Coffee coloured carpet is a good idea though - we went for grey - another nice and neutral colour.... goes with everything that we got given for DS's room... One friend wanted a nice bright stimulating room for their DD and painted one wall each of red, blue, green and yellow... then they wondered why the poor thing couldn't sleep!

Another good thing for the nursery is a blackout blind - worth getting instead of curtains if you can't afford both...

KnitterNotTwitter · 26/05/2011 15:36

And re: water birth assuming the room is upstairs i think you'll find you have to set up the water birth in a downstairs room - when full of water they're VERY heavy... check the instructions/with your midwife...

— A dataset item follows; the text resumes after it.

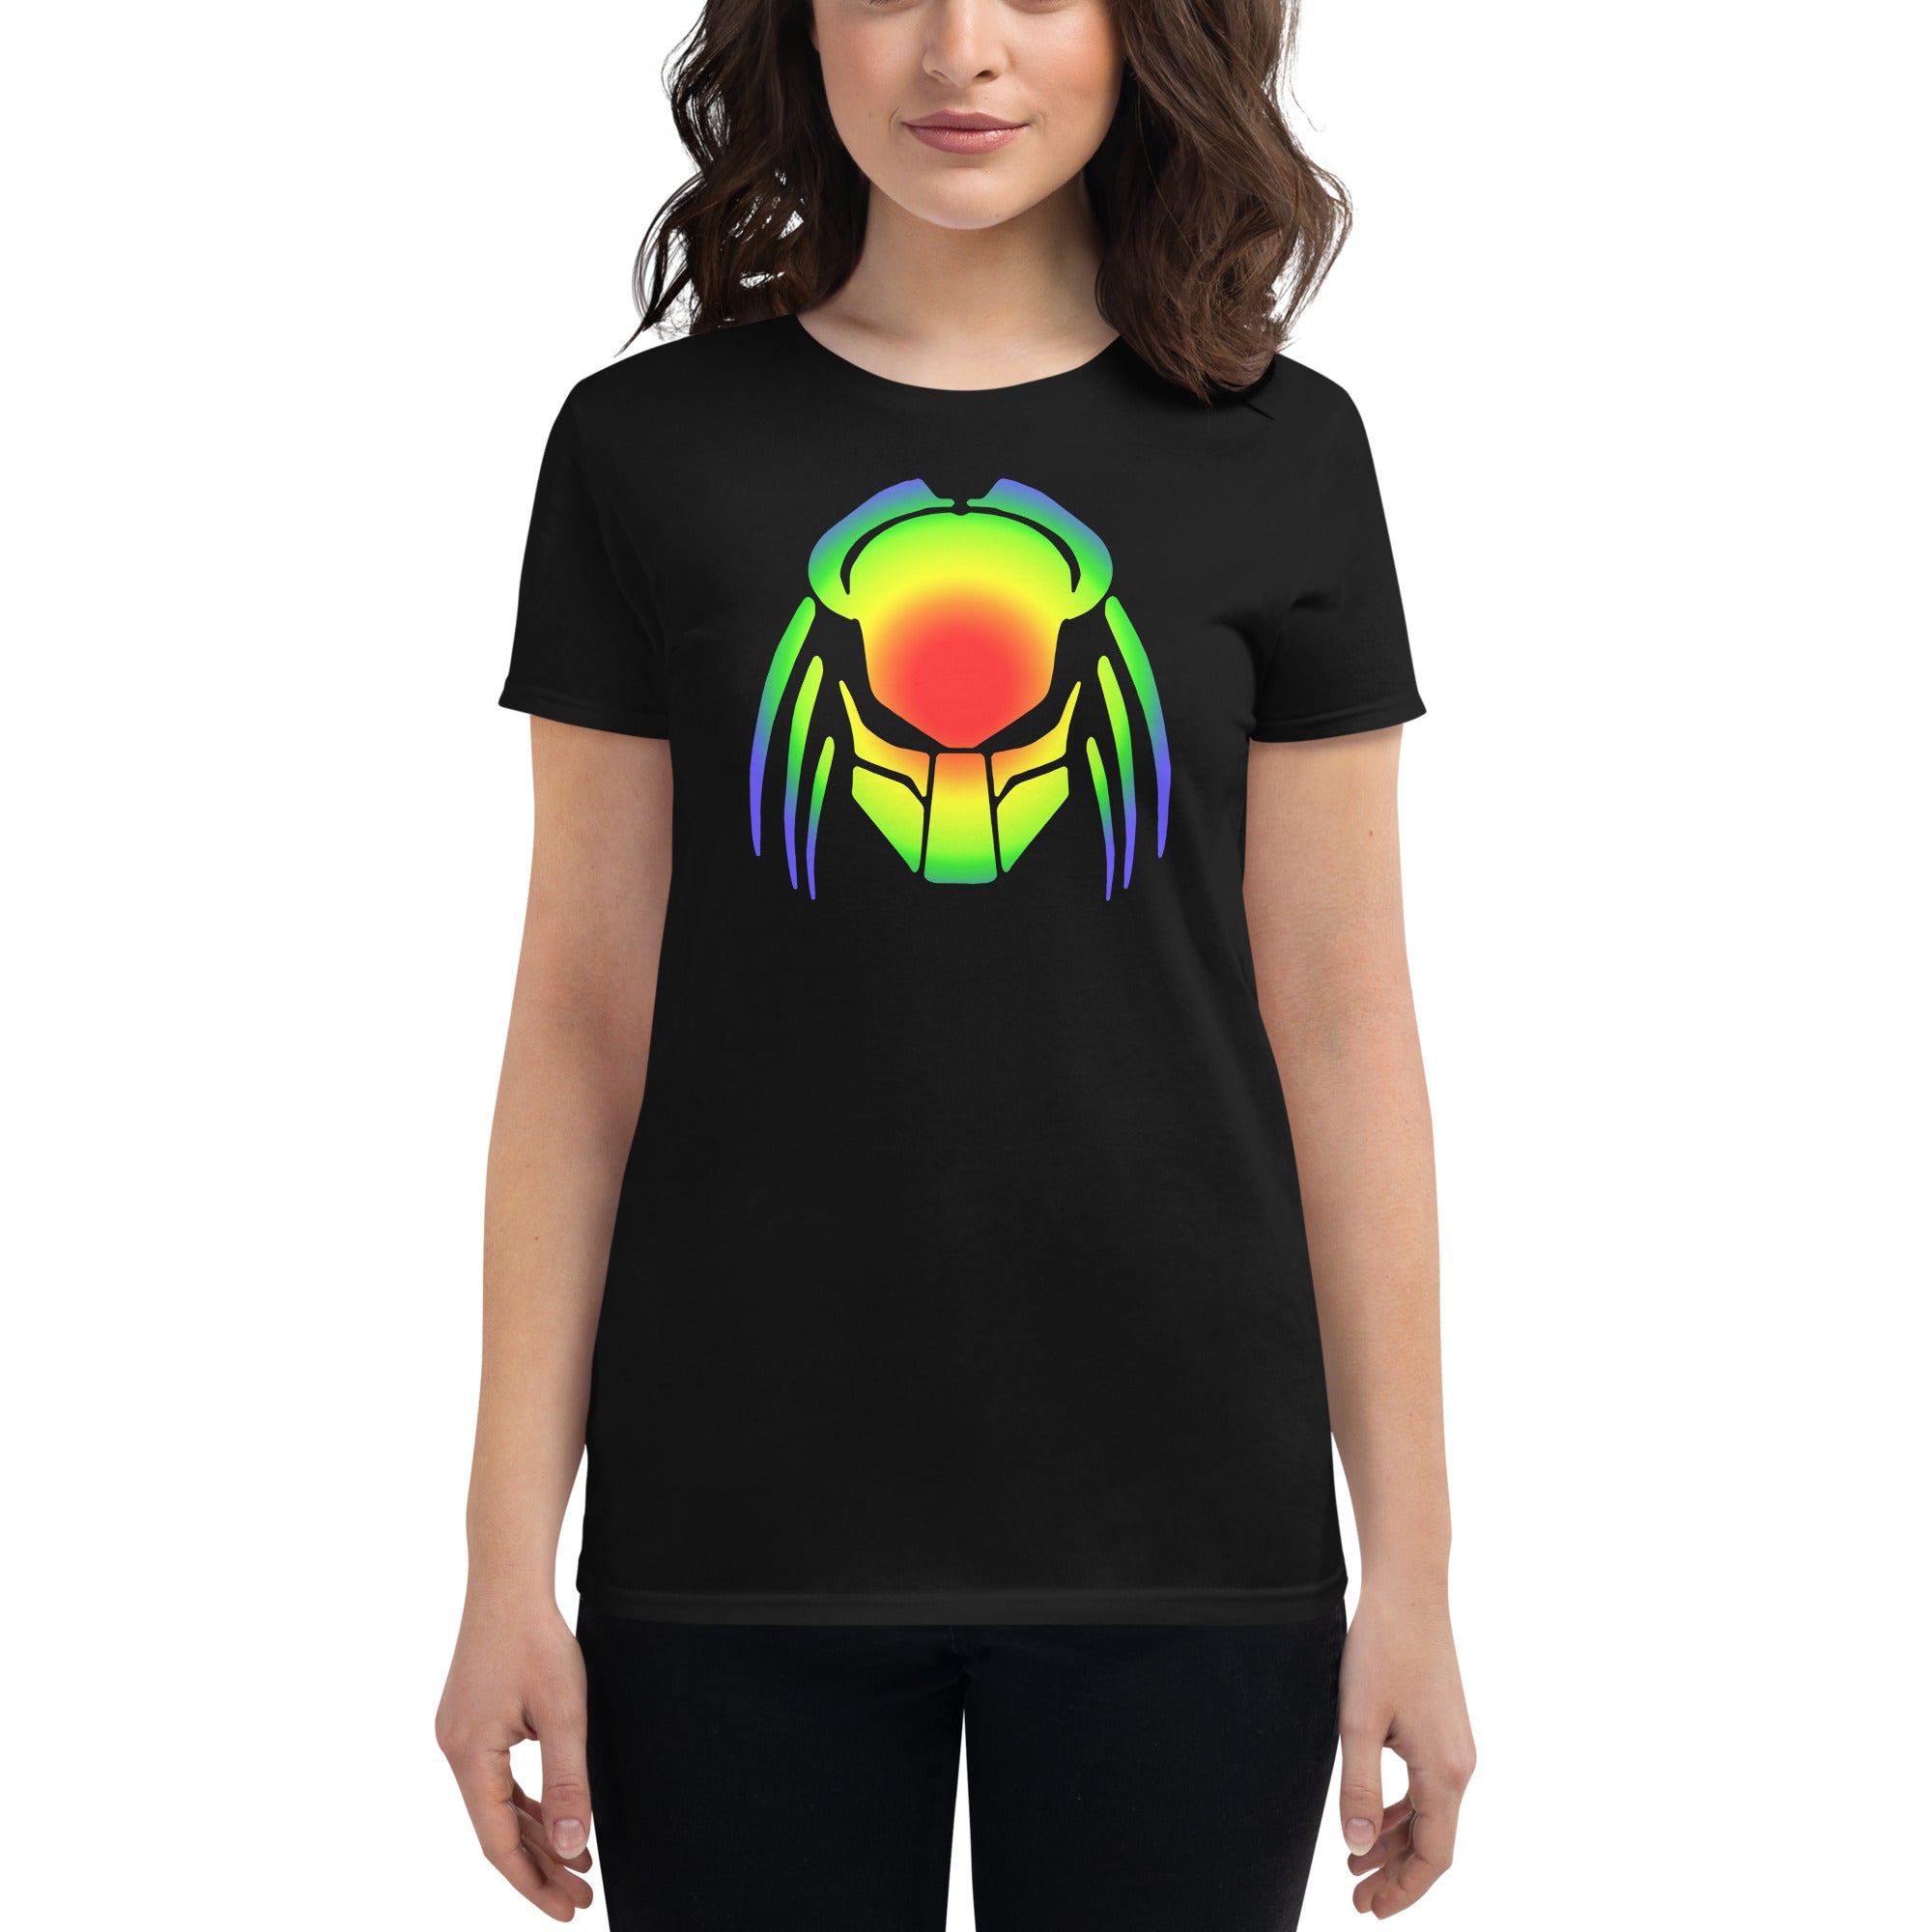 Heat Vision Predator Alien Hybrid Predalien Creature Women's Short Sleeve Babydoll T-shirt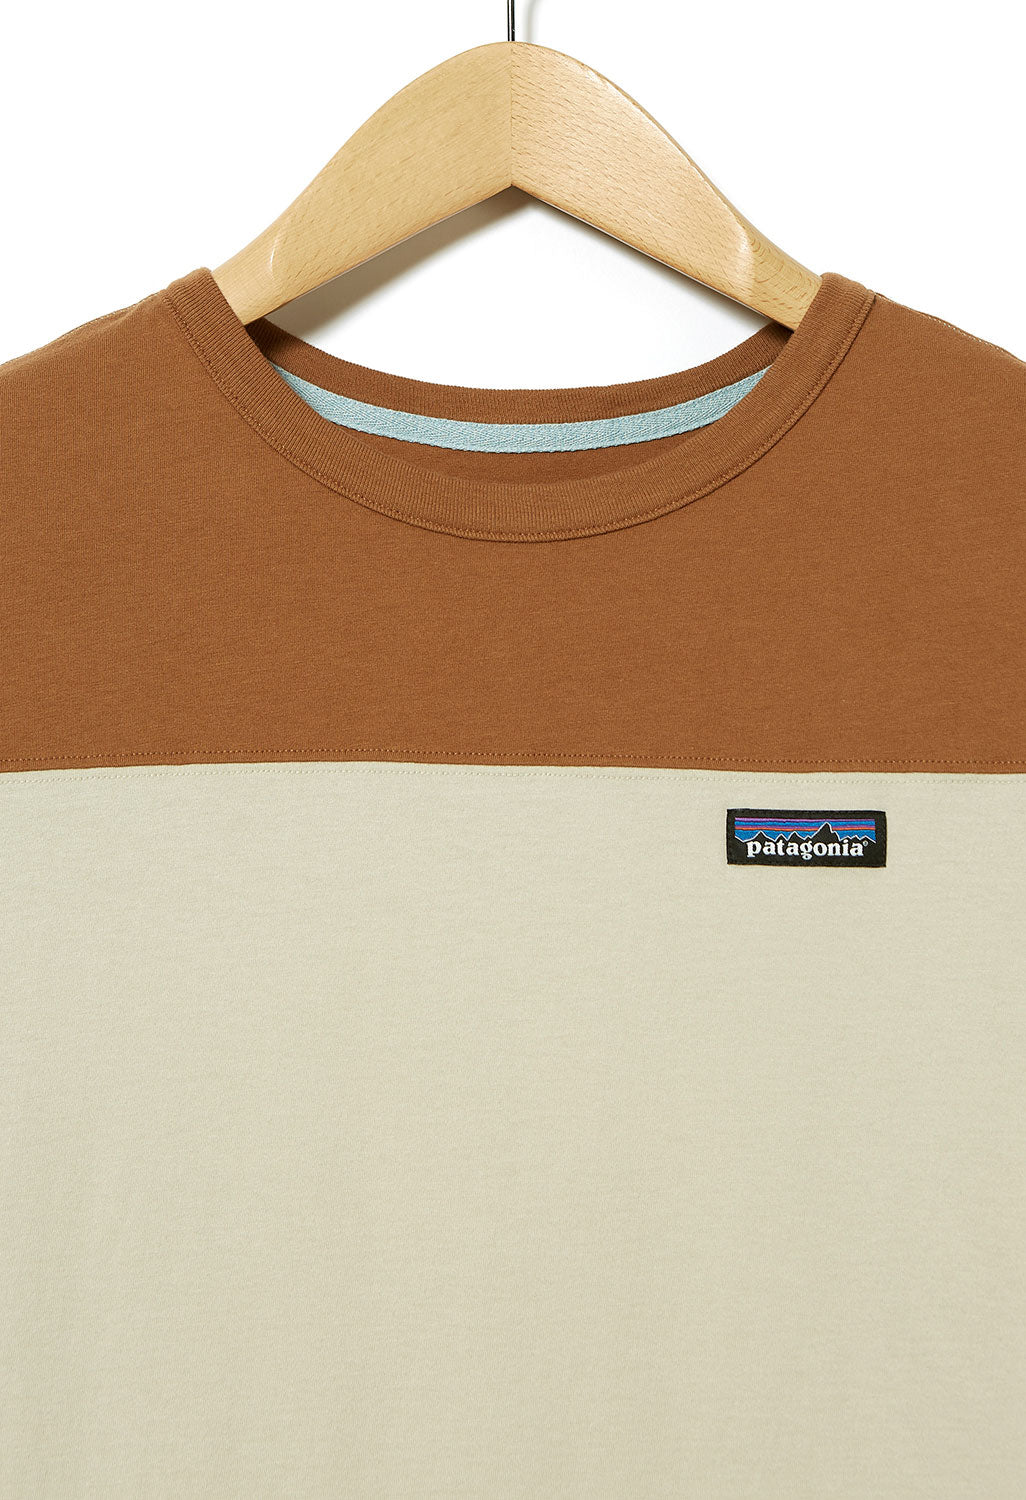 Patagonia Cotton in Conversion Men's T-Shirt - Pumice

lightsandshapes · 26/05/2011 15:42

knitter it's a bungalow so the room is downstairs right next to the bathroom and taps. Good tips re changing... I have all this to learn!

OP posts:
Dozer · 26/05/2011 15:45

Think you are being a bit of a martyr. You don't have to move to an outhouse or even have them to stay at all. They sound a pain, but if you don't want them to come, just sort it out with DP and get him to tell them it's not convenient. This wouldn't be unreasonable.

If you do agree to guests coming, then yabu to save the nursery for the baby, the baby does not yet need a room and unless they are particularly destructive guests it'll still be fine when they go.